Machine Learning Note 7: matrix factorization Recommender.Matrix.Factorization

1 matrix decomposition Overview

1.1 used in any place

Recommended system: it is the most famous beer and diapers that bad street stories, there is now recommended headlines feeding system users. Not to say.

1.2 Recommended principles

Set, matrix R represents 3 4 Rating of film, and P is the matrix U by the decomposition of the matrix arithmetic, R is predicted matrix.
At this point we can see that the matrix R
value is very close to the original matrix R value, the value is the numbers we want to fill after this.

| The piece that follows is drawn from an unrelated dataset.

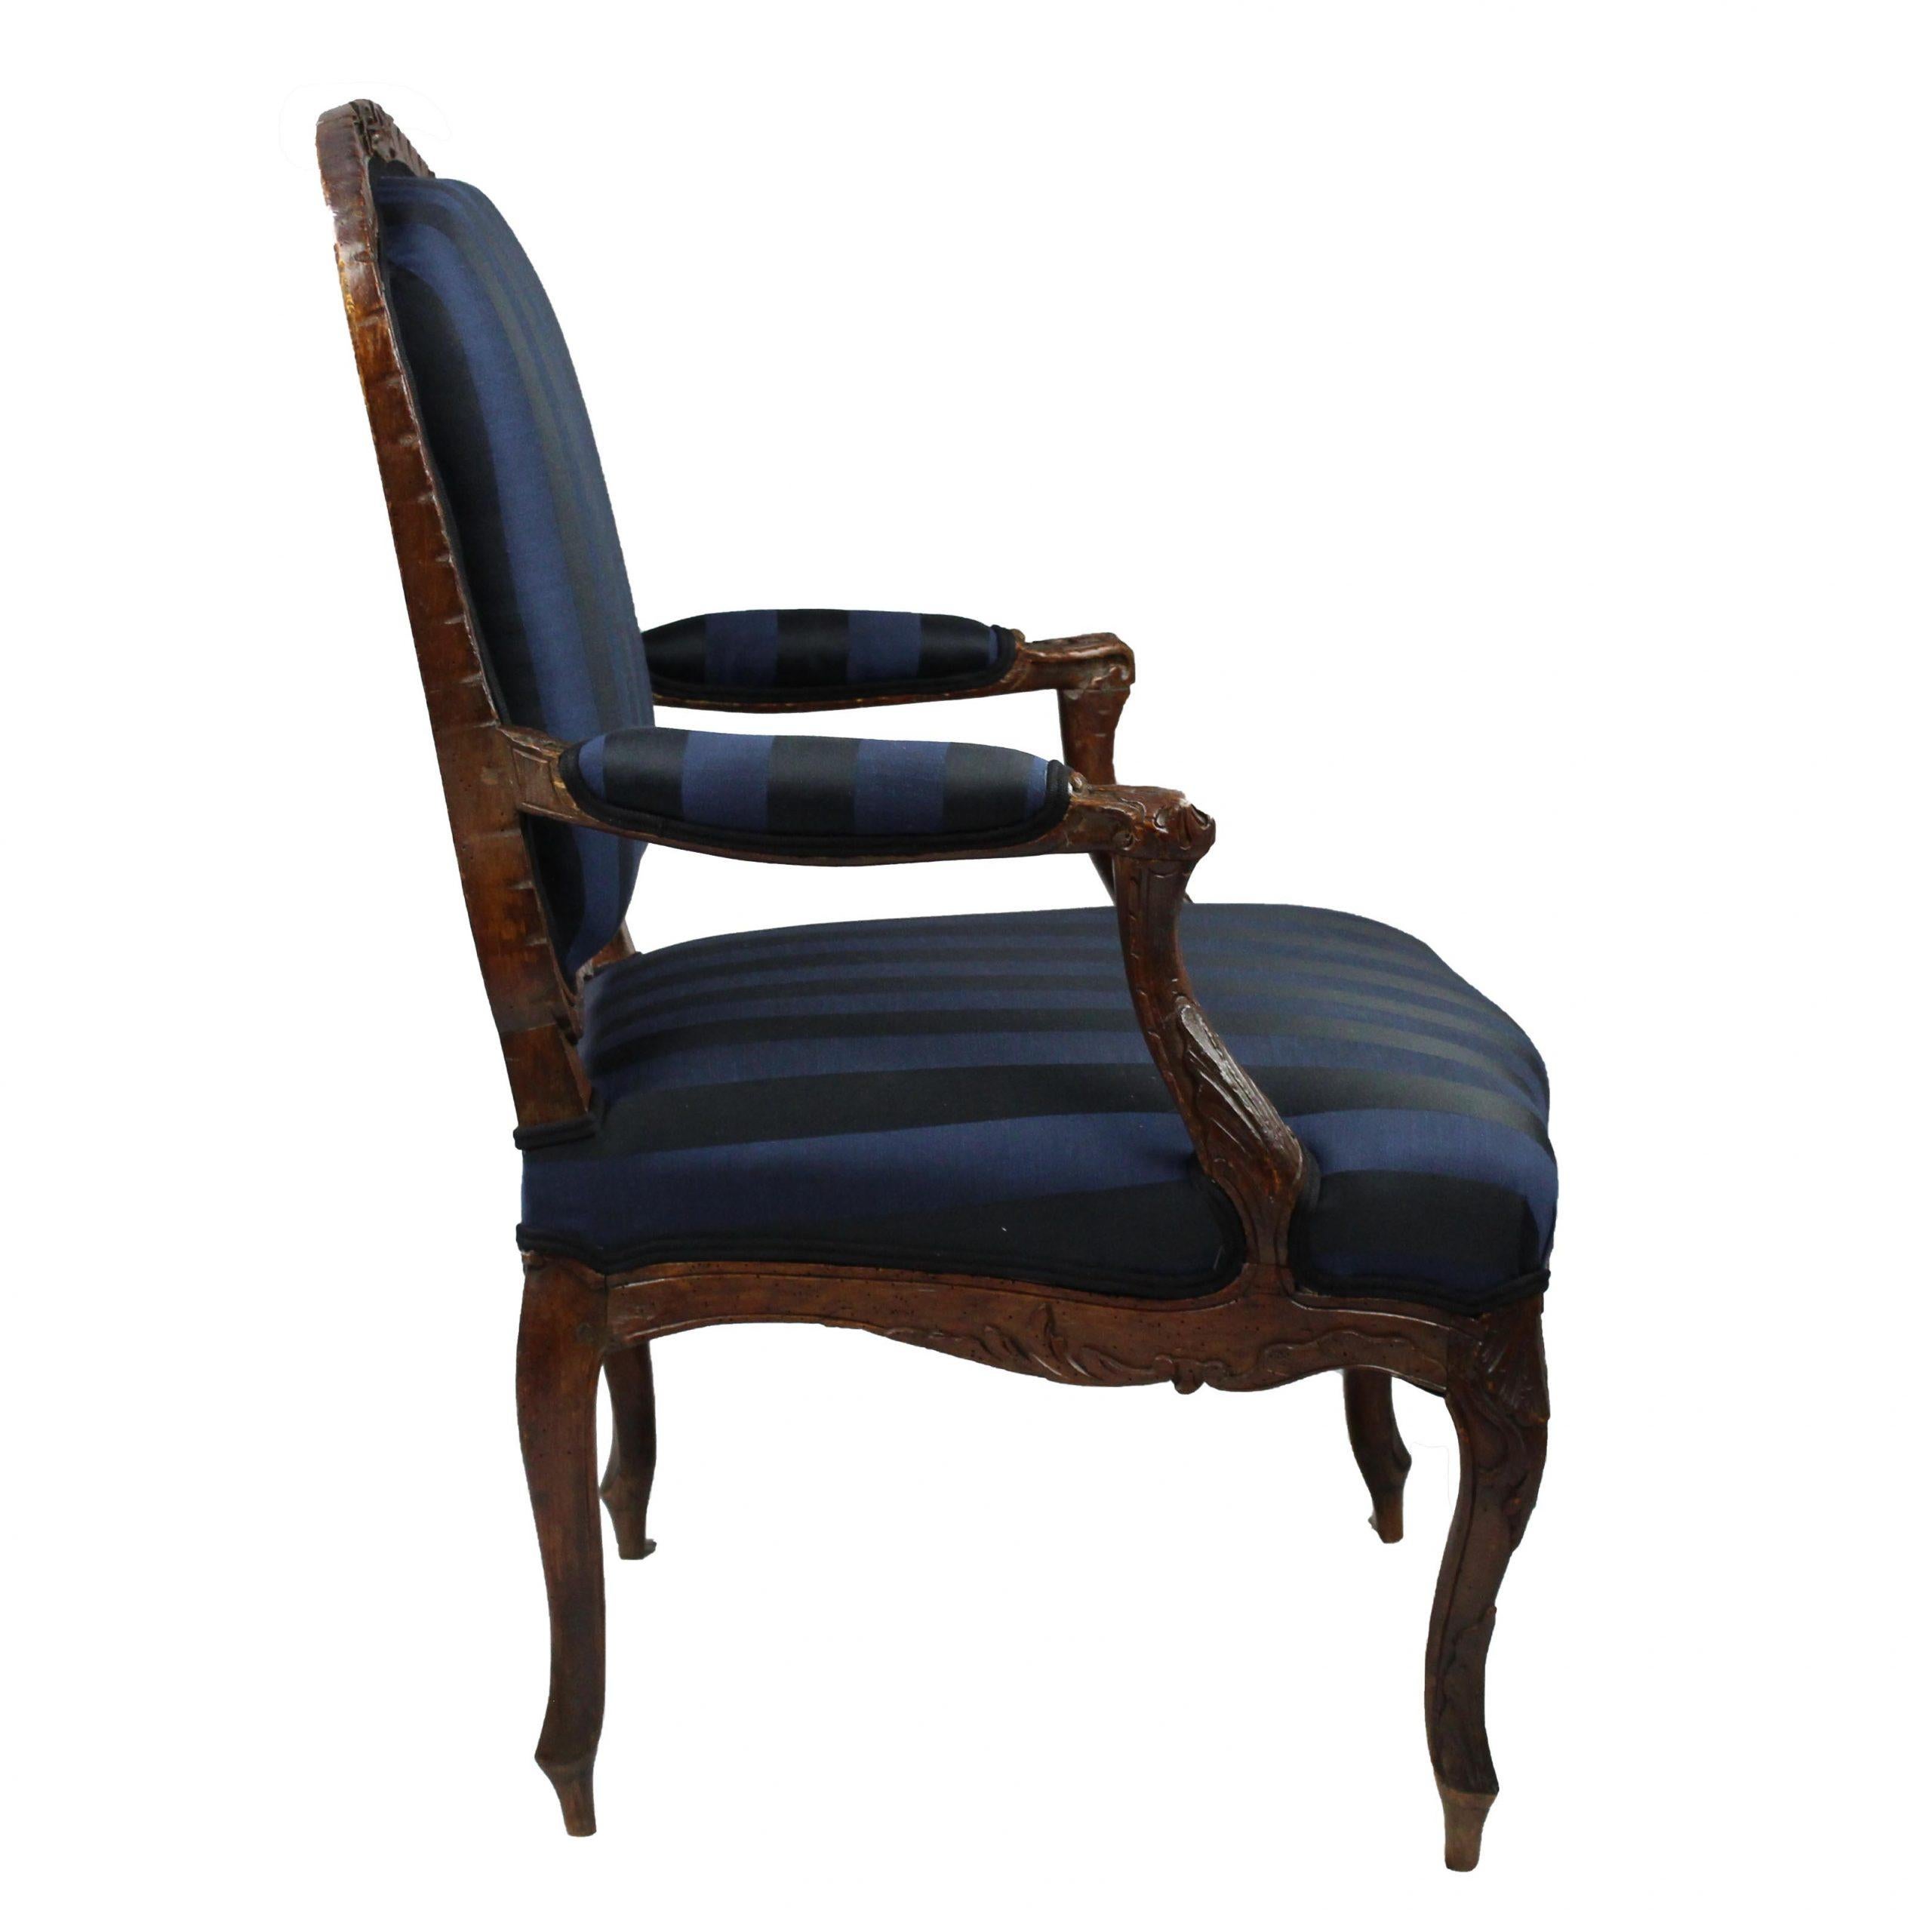 Mid-18th Century 18th Century French Rococo Armchair Fauteuil à la Reine around 1760 For Sale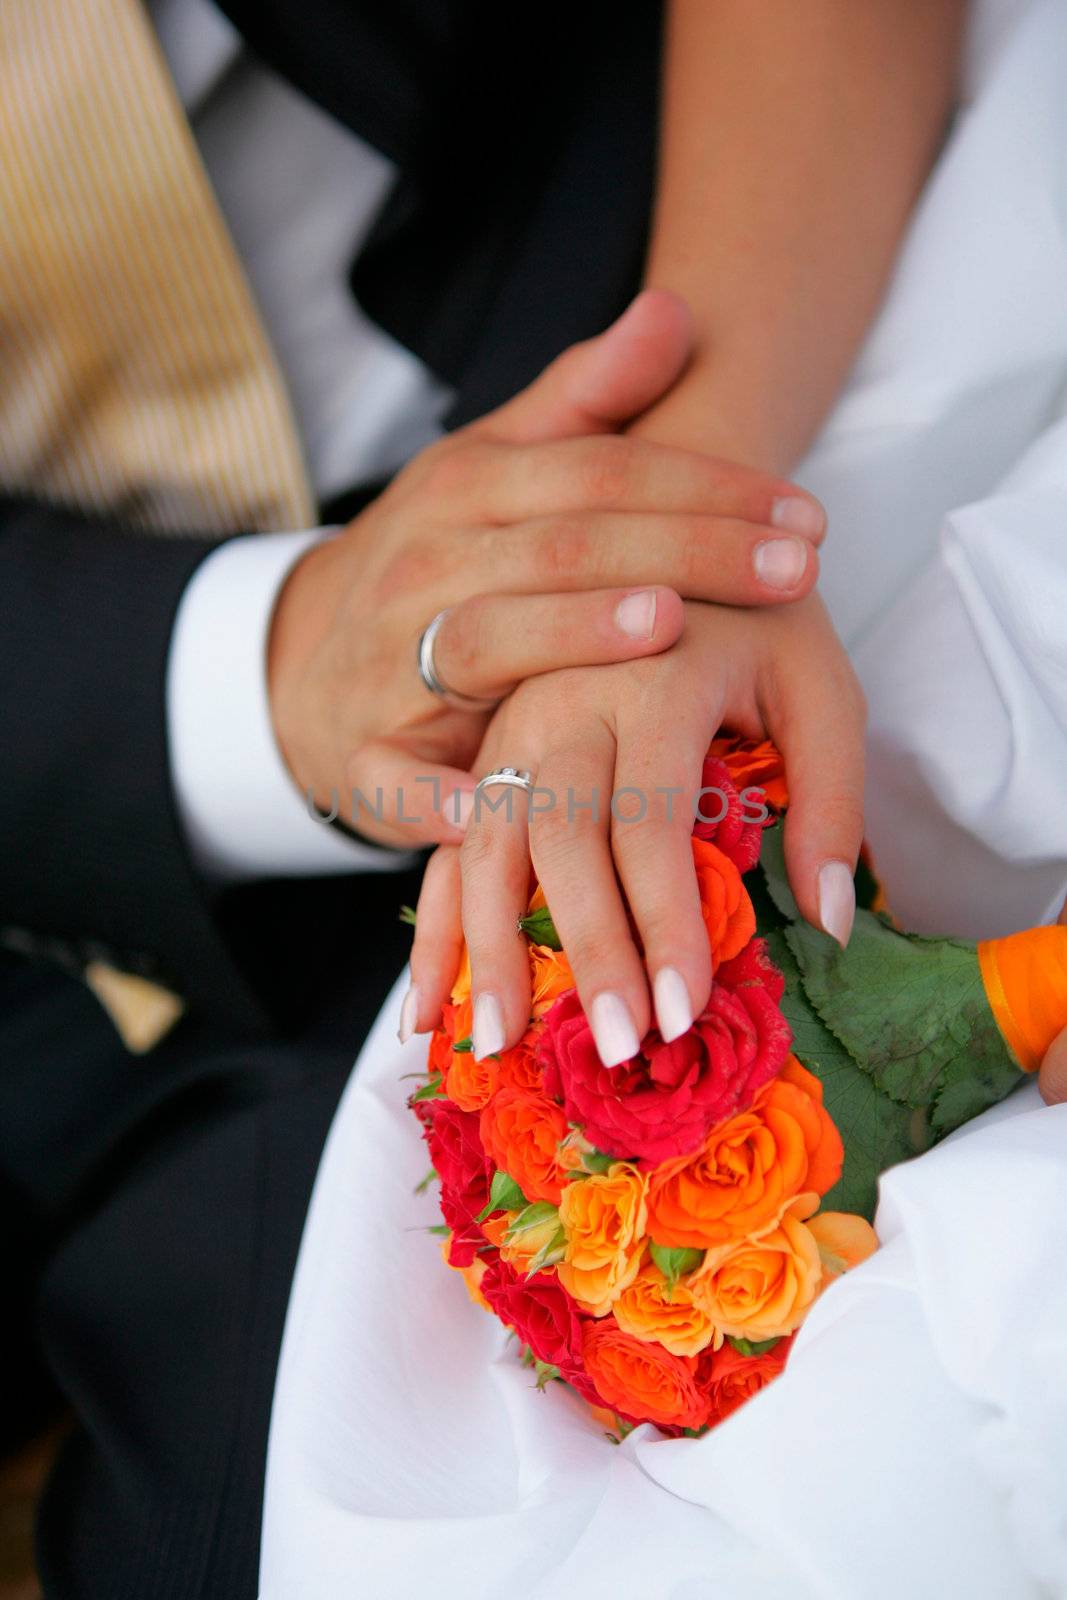 Close up portrait of newlywed man and wife holding hands over bouquet of colorful flowers and petals.

2 matrix decomposition principle

2.1 The objective function

As shown in 1.2, it is the result of our desired result R * and R results in the minimum difference.
Therefore, we can obtain the objective function:
\ [Arg \ min_ {the U-, P} \ SUM _ {(I, J) \ in the Z} (R_ {ij of} -U_ {I} of P_ {J} ^ {T}) ^ 2 \\ \\ Z = \ {(i , j): r_ {ij} are known \} \]

\ (U_i P_j \) is a row vector, respectively, from the i-th row of matrix P and the matrix U and the j th row; illustration representing the vector of the i th user, and the j-th vector illustration article.

2.2 loss function

To facilitate the derivation, we multiply 1/2, results are as follows:
\ [Arg \ {the U-min_, P} \ _ {SUM (I, J) \} in the Z \ FRAC. 1} {2} {(ij of R_ {} -U_ {i} \ cdot P_ { j}) ^ 2 \\ \\ Z = \ {(i, j): r_ {ij} are known \} \]
continues to calculate the results are as follows:
\ [ij of L_ {} = \ frac {1} {2} (R_ {ij} -U_ {i} \ cdot P_ {j}) ^ 2 \\ \]

Loss resulting gradient was as follows:

\[ \frac{\partial L_{ij}}{\partial U_{i}}= \frac{\partial }{\partial U_{i}} [\frac{1}{2}(R_{ij}-U_{i}\cdot P_{j})^2] = -P_j(R_{ij}-U_{i}\cdot P_{j}) \\ \\ \frac{\partial L_{ij}}{\partial P_{j}}= \frac{\partial }{\partial P_{j}} [\frac{1}{2}(R_{ij}-U_{i}\cdot P_{j})^2] = -U_i(R_{ij}-U_{i}\cdot P_{j}) \]

In order to prevent over-fitting and the error in the training process, the regularization term added

\[ arg \min_{U,P} \sum_{(i,j) \in Z}\frac{1}{2}(R_{ij}-U_{i}\cdot P_{j})^2 + \lambda [ \sum_{i=1}^{m}\left \| U_i \right \|^2 + \sum_{i=1}^{n}\left \| P_j \right \|^2] \]

再求偏导可得:
\[ \frac{\partial L_{ij}}{\partial U_{i}}=-P_{j}(R_{ij}-U_{i}\cdot P_{j}) + \lambda U_{i} \\ \\ \frac{\partial L_{ij}}{\partial P_{j}}=-U_{i}(R_{ij}-U_{i}\cdot P_{j}) + \lambda P_{j} \\ \]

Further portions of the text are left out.